=== Data below ===
——————

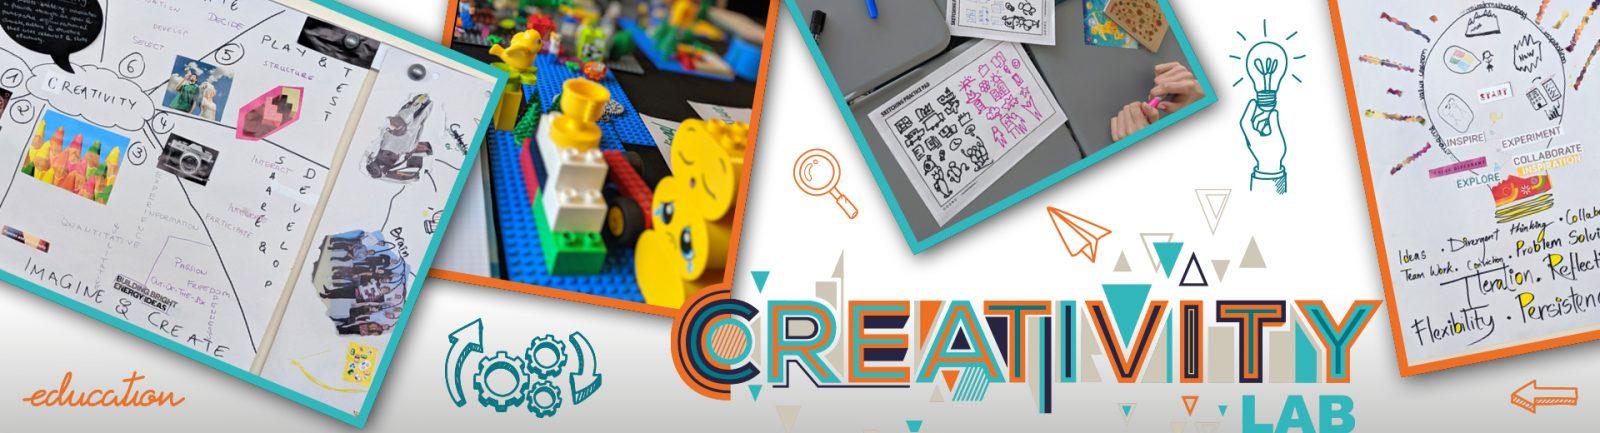 creativity_lab
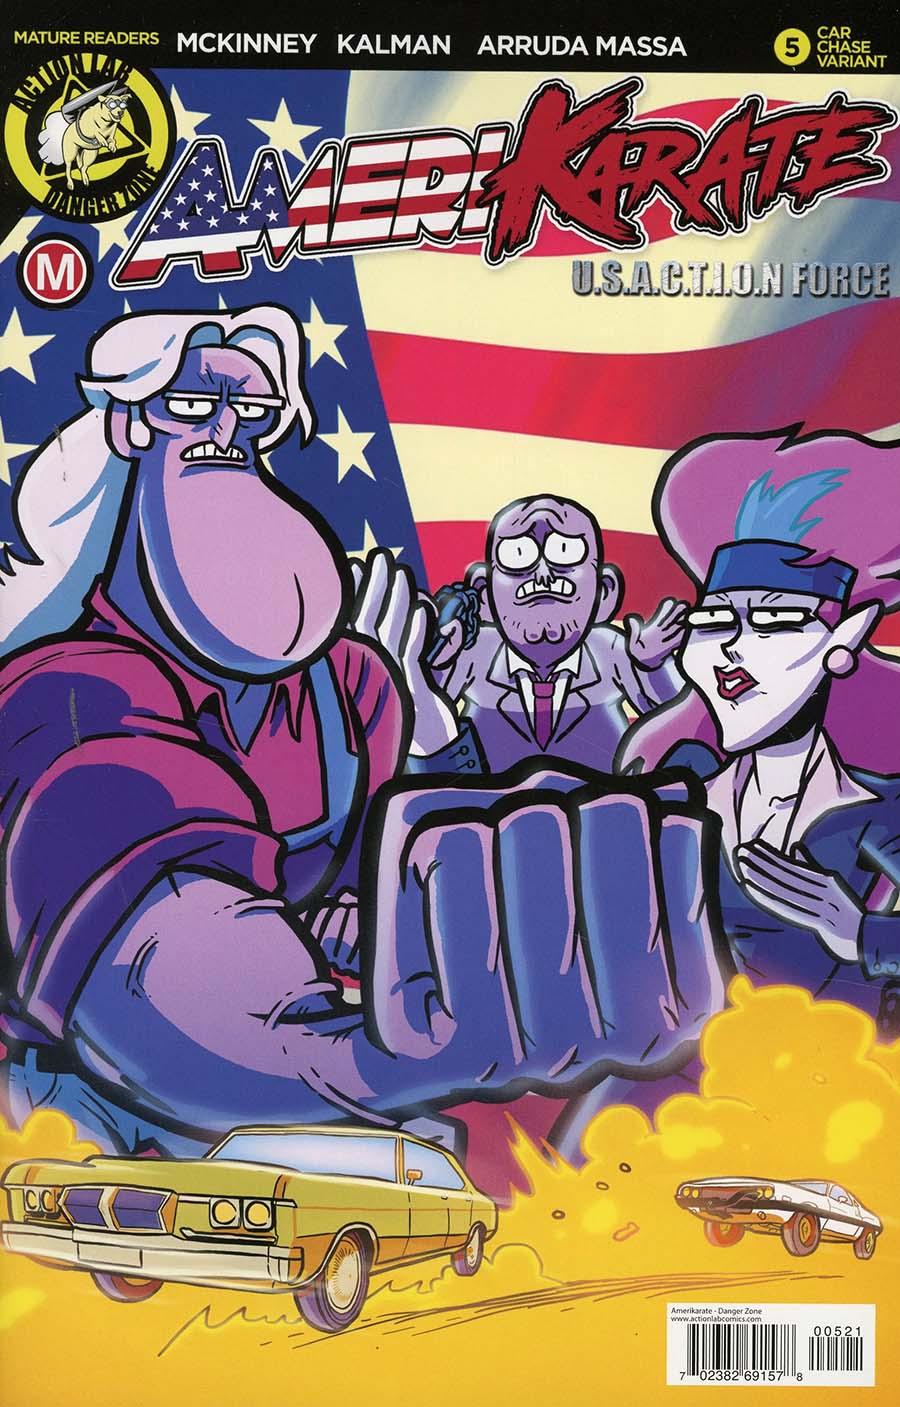 Amerikarate #5 Cover B Variant Daniel Arruda Massa Movie Cover
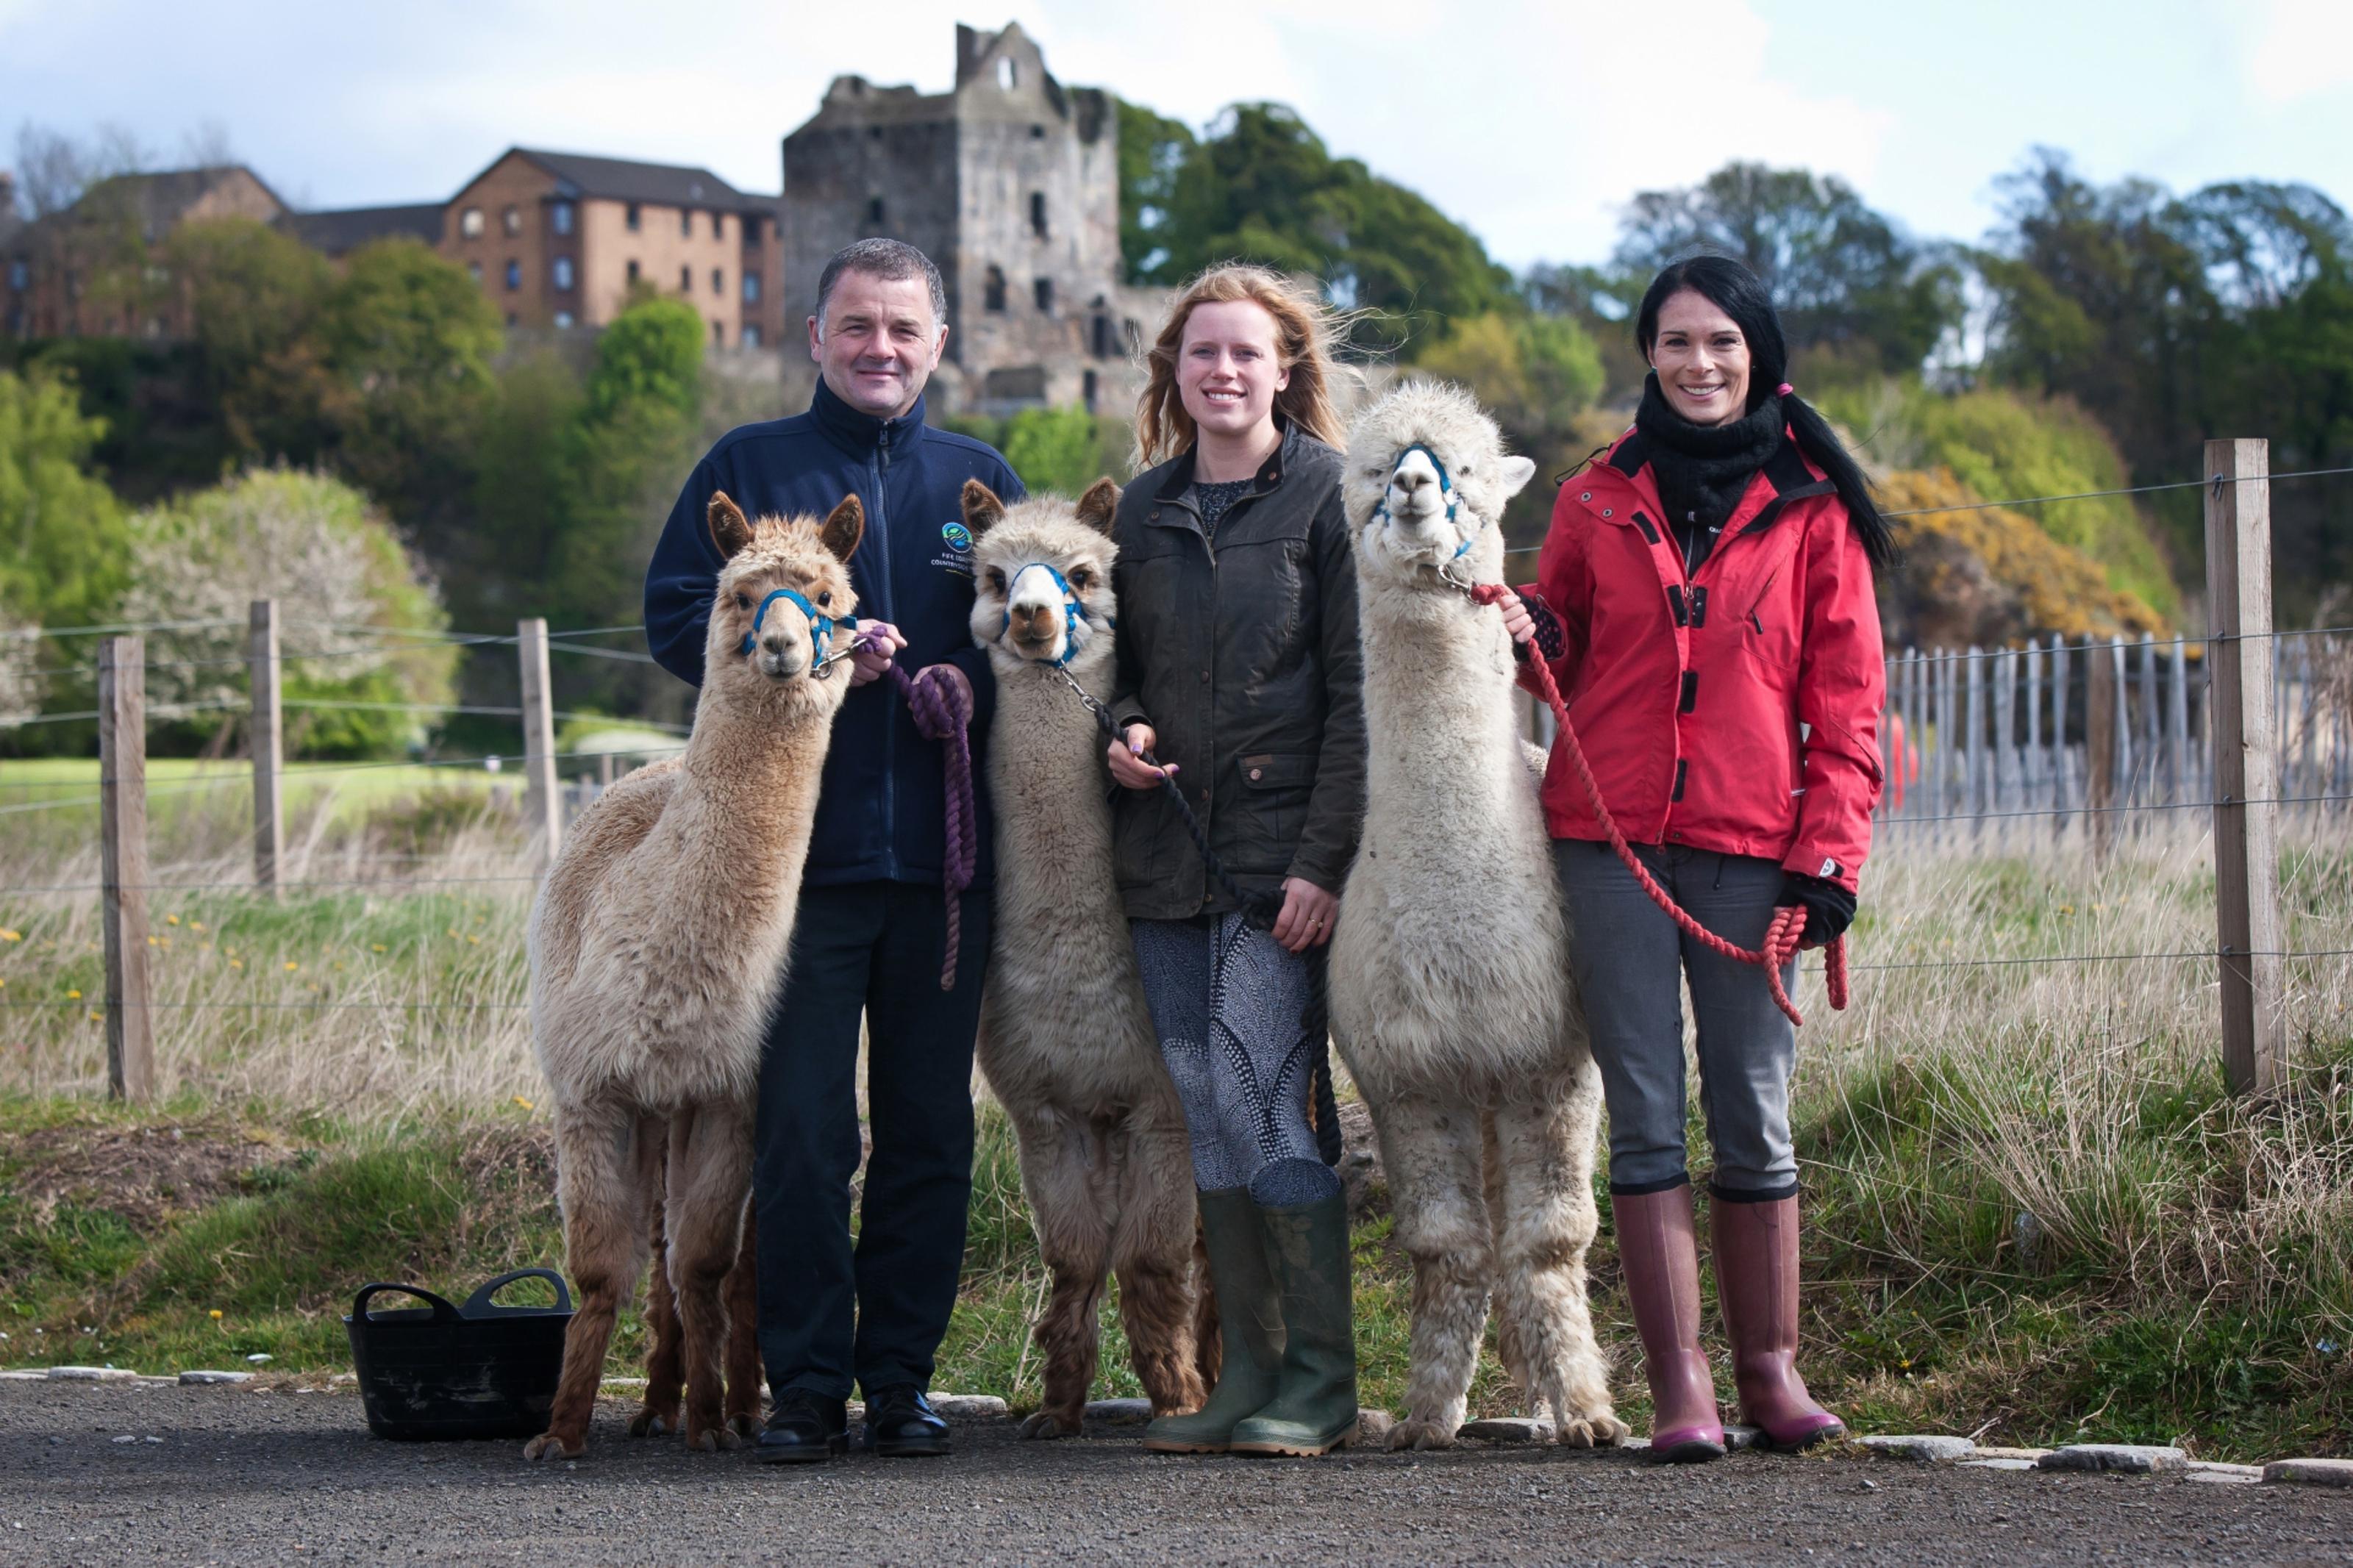 Gayle Ritchie meets Bowbridge alpacas on Kirkcaldy's Pathhead Sands. L-R: Robbie Blyth, coastal team leader of Fife Coast and Countryside Trust, Sarah Johnson, Gayle Ritchie and alpacas Balthazar, Lughaidh and Ajax.

——————

=== Task requirements ===
Retype the data above in full, exactly as it stands, and skip any image.

=== Exercise result ===
 creativity_lab
 Amerikarate #5 Cover B Variant Daniel Arruda Massa Movie Cover
 Gayle Ritchie meets Bowbridge alpacas on Kirkcaldy's Pathhead Sands. L-R: Robbie Blyth, coastal team leader of Fife Coast and Countryside Trust, Sarah Johnson, Gayle Ritchie and alpacas Balthazar, Lughaidh and Ajax.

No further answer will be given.